Statistical analysis

One-way Analysis of Variance (ANOVA) tests were employed to statistically assess significant differences in sensory attributes among treatments, which included color, aroma, aftertaste, liking, and purchase intent. Post hoc comparisons were performed using Tukey’s Honest Significant Difference (HSD) test to identify pairwise differences among sample means. Data normality and homogeneity of variances were verified using the Shapiro-Wilk test prior to conducting the ANOVA. Statistical significance was determined using p-values, which were reported alongside mean values and standard deviations to ensure comprehensive representation of the findings.

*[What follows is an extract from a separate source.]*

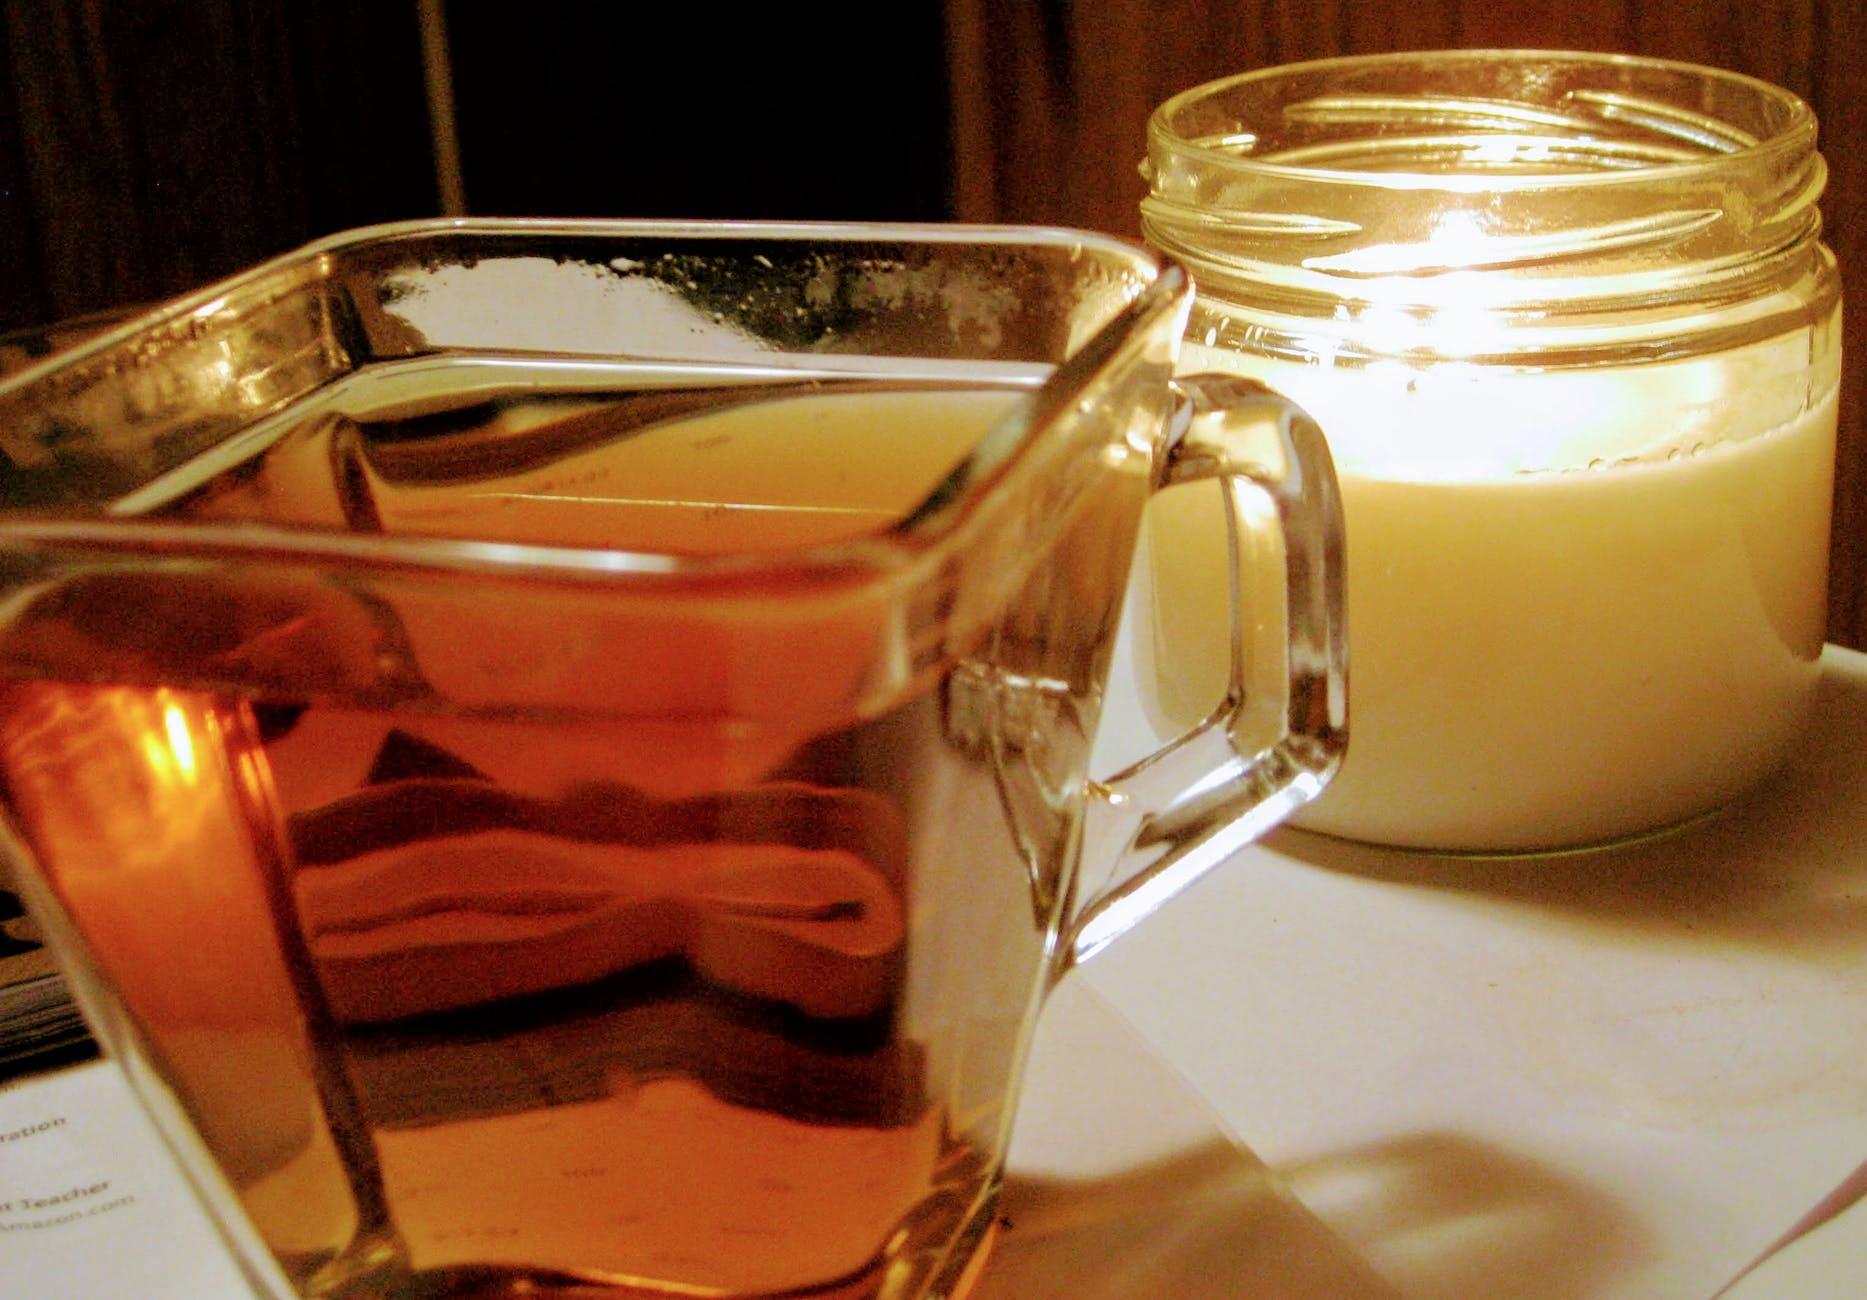 dandelion tea before bed
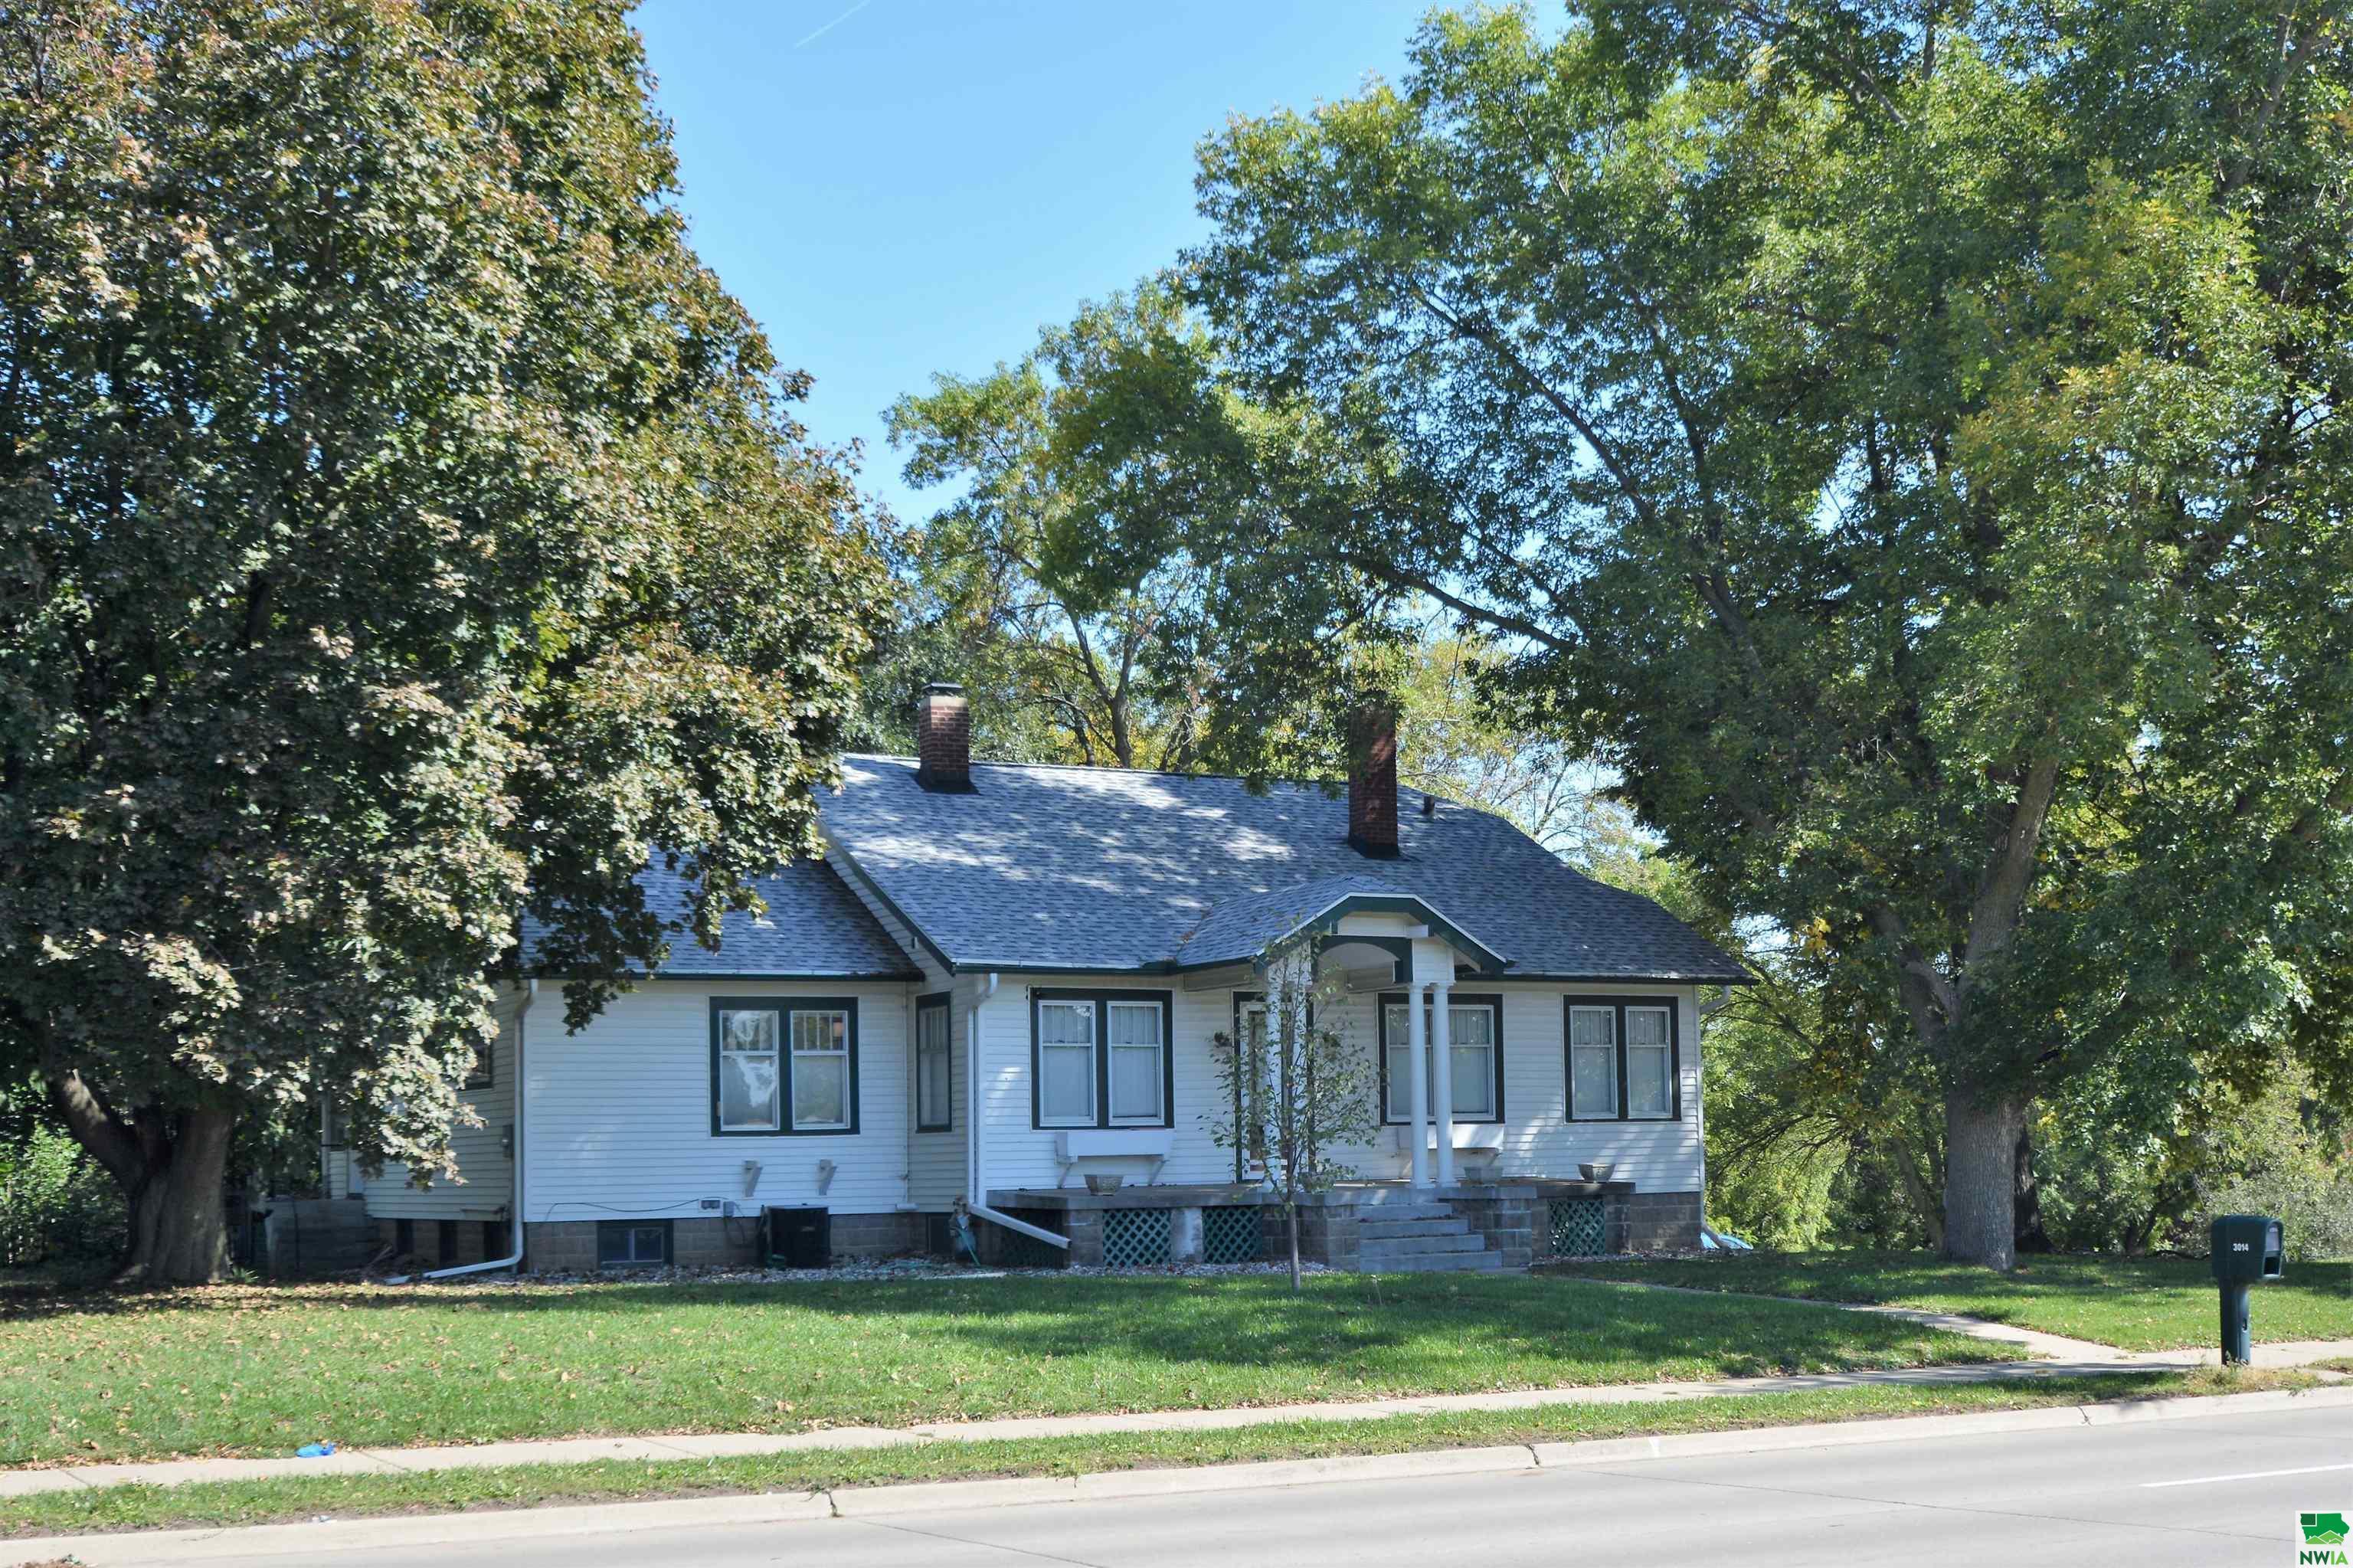 3014 Lakeport St S, Sioux City, Iowa 51106

To verify the correlation between individual variables and purchase intent, a multilinear regression analysis was performed shown in Eq. (1) below. This analysis investigated the combined and individual effects of independent variables such as color, aroma, aftertaste, liking, consumption frequency, and age on purchase intent based on the equation stated below. The coefficient of determination (\({R}^{2}\)) was calculated to evaluate how well the model explains the variability in the dependent variable.

$$Y={\beta }_{0}+{\beta }_{1}{x}_{1}+{\beta }_{2}{x}_{2}+\ldots +{\beta }_{n}{x}_{n}+{\beta }_{n+1}{x}_{1}{x}_{2}+\ldots \frac{{\beta }_{{n}^{2}-n}}{2}+1{x}_{n-1}{x}_{n}+\varepsilon$$
(1)

Here \(Y\) is the dependent variable (purchase intent), \({\beta }_{0}\) is the dependent variable intercept, \({\beta }_{1\,\ldots \,}\frac{{\beta }_{{n}^{2}-n}}{2}+1\) are coefficients for each sensory attributes, \({x}_{1}\ldots {x}_{n}\) are sensory attributes (color, aroma, aftertaste, liking), \(\varepsilon\) is the differences between the observed value and predicted value. The number of sensory attributes is represented by \(n\).

All statistical analyses were conducted using GraphPad Prism 10.4.1. Besides the denoted P value in overall consumer sensory evaluation, P < 0.05 was the criterion for statistical significance in all other tests.